As already mentioned in the "Instance Manager" section when explaining the switchover process, the .spec.switchoverDelay option affects the RPO and RTO of your PostgreSQL database. Setting it to a low value, might favor RTO over RPO but lead to data loss at cluster level and/or backup level. On the contrary, setting it to a high value, might remove the risk of data loss while leaving the cluster without an active primary for a longer time during the switchover.

Delayed failover

As anticipated above, the .spec.failoverDelay option allows you to delay the start of the failover procedure by a number of seconds after the primary has been detected to be unhealthy. By default, this setting is set to 0, triggering the failover procedure immediately.

Sometimes failing over to a new primary can be more disruptive than waiting for the primary to come back online. This is especially true of network disruptions where multiple tiers are affected (i.e., downstream logical subscribers) or when the time to perform the failover is longer than the expected outage.

Enabling a new configuration option to delay failover provides a mechanism to prevent premature failover for short-lived network or node instability.

Detection of node-level failures

When the node hosting the primary becomes unreachable (for example, due to a kubelet crash or a network partition between the node and the Kubernetes API server), the operator relies on the pod's Ready condition to decide that the primary is no longer serviceable. While the node is healthy the kubelet keeps that condition up to date from the readiness probe; once the node stops reporting, the Kubernetes node lifecycle controller is the one that flips the condition to False as soon as it declares the node Unknown.

With stock kube-controller-manager settings, the transition is governed by --node-monitor-grace-period (default 40s on Kubernetes 1.29-1.31, raised to 50s in 1.32 and later): after that window the controller marks the node Unknown and, in the same monitoring pass, issues a patch per pod on that node to flip the Ready condition. In practice the operator observes the primary as unready about 40 to 55 seconds after the node becomes unreachable (the grace period plus up to one --node-monitor-period poll, default 5s). Managed Kubernetes distributions (GKE, EKS, AKS) may tune these values; consult the provider's documentation if the observed timing does not match. After that, the failover procedure starts (further gated by .spec.failoverDelay).

The Ready condition flip is not subject to the rate limiters that throttle pod eviction during partial-zonal or large-cluster disruptions (--node-eviction-rate, --secondary-node-eviction-rate, --unhealthy-zone-threshold). The operator reacts to the condition flip as soon as the controller emits the patch, regardless of the zone or cluster-wide health state.

Pod eviction (actual deletion from the unreachable node) is a separate mechanism, driven by tolerationSeconds on the node.kubernetes.io/unreachable NoExecute taint (300s by default). That timer does not hold up the operator's failover decision; EDB Postgres® AI for CloudNativePG™ Cluster promotes a new primary as soon as the Ready condition flips. By that point the kubelet on the isolated node has already stopped the old PostgreSQL container locally: with the default .spec.probes.liveness.isolationCheck.enabled: true, the instance manager fails its own liveness probe once it can reach neither the API server nor the rest of the cluster, and the kubelet kills the container within approximately three probe periods (~30s). Full high availability (recreation of the old primary on a healthy node by the operator) is still gated on the taint-based eviction actually deleting the pod.

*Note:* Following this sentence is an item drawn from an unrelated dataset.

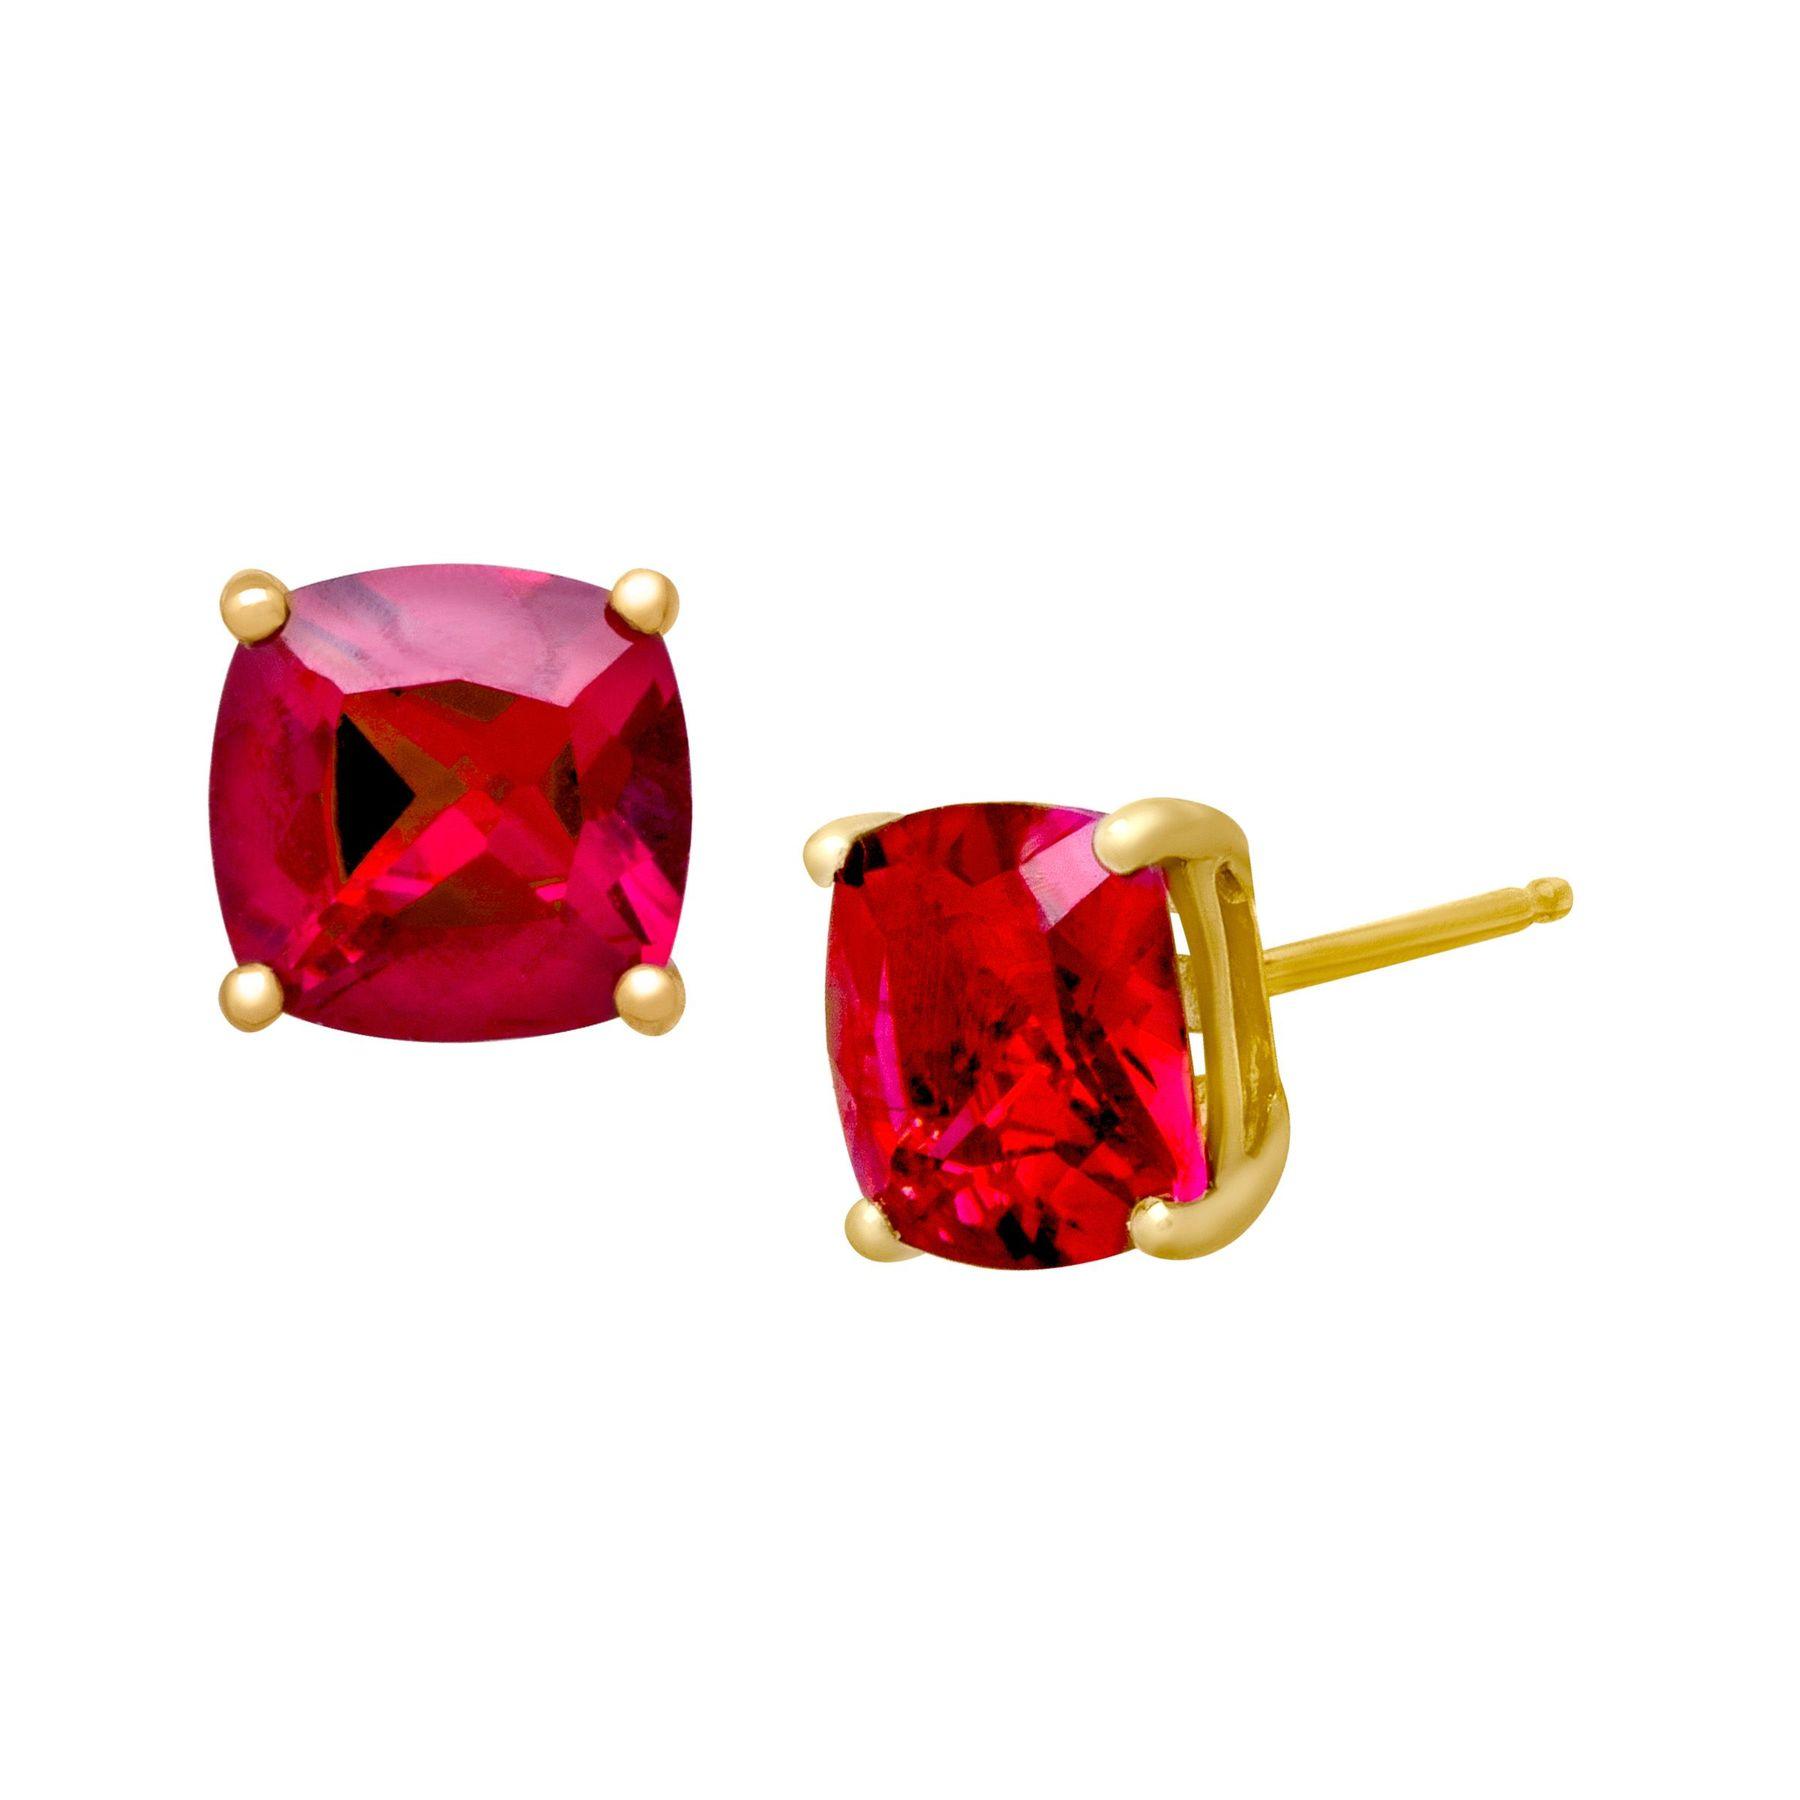 3 5 8 Ct Ruby Stud Earrings

Failover Quorum (Quorum-based Failover)

Failover quorum is a mechanism that enhances data durability and safety during failover events in EDB Postgres® AI for CloudNativePG™ Cluster-managed PostgreSQL clusters.

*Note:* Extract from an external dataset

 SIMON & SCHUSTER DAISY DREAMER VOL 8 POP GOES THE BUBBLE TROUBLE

Quorum-based failover allows the controller to determine whether to promote a replica to primary based on the state of a quorum of replicas. This is useful when stronger data durability is required than the one offered by synchronous replication and default automated failover procedures.

When synchronous replication is not enabled, some data loss is expected and accepted during failover, as a replica may lag behind the primary when promoted.

With synchronous replication enabled, the guarantee is that the application will not receive explicit acknowledgment of the successful commit of a transaction until the WAL data is known to be safely received by all required synchronous standbys. This is not enough to guarantee that the operator is able to promote the most advanced replica.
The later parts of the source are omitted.